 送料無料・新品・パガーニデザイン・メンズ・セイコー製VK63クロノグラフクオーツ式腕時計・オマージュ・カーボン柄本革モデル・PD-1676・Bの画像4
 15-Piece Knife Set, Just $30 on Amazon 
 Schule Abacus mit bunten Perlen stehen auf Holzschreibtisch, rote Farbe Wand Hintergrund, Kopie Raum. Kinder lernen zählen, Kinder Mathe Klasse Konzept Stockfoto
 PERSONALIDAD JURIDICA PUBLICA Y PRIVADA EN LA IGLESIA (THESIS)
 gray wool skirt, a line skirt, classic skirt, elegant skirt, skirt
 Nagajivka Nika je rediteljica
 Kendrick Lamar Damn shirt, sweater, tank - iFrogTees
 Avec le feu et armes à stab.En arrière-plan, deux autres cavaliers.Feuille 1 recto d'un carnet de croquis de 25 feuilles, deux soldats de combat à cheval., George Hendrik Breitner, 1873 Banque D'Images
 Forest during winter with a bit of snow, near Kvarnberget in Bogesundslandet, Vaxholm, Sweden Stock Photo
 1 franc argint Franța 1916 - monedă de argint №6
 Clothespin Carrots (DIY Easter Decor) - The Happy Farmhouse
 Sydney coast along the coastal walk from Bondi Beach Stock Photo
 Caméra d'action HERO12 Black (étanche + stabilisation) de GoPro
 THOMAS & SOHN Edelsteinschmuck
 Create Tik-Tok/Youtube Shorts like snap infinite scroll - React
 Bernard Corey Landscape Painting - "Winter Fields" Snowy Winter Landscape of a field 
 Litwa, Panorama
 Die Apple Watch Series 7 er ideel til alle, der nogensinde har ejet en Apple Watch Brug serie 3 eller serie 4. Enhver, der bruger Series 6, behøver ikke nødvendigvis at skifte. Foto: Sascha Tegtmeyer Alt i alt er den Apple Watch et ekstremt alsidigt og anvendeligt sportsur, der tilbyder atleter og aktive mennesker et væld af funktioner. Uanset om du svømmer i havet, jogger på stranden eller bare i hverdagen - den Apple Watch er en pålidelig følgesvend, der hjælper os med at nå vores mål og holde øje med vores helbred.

■ ■ ■ ■ ■

### [TASK DETAILS]
Here, the lines to copy run from the one containing "Create Tik-Tok/Youtube Shorts" to the final line of the listing; copy them exactly and nothing else.

### [TASK ANSWER]
 Create Tik-Tok/Youtube Shorts like snap infinite scroll - React
 Bernard Corey Landscape Painting - "Winter Fields" Snowy Winter Landscape of a field 
 Litwa, Panorama
 Die Apple Watch Series 7 er ideel til alle, der nogensinde har ejet en Apple Watch Brug serie 3 eller serie 4. Enhver, der bruger Series 6, behøver ikke nødvendigvis at skifte. Foto: Sascha Tegtmeyer Alt i alt er den Apple Watch et ekstremt alsidigt og anvendeligt sportsur, der tilbyder atleter og aktive mennesker et væld af funktioner. Uanset om du svømmer i havet, jogger på stranden eller bare i hverdagen - den Apple Watch er en pålidelig følgesvend, der hjælper os med at nå vores mål og holde øje med vores helbred.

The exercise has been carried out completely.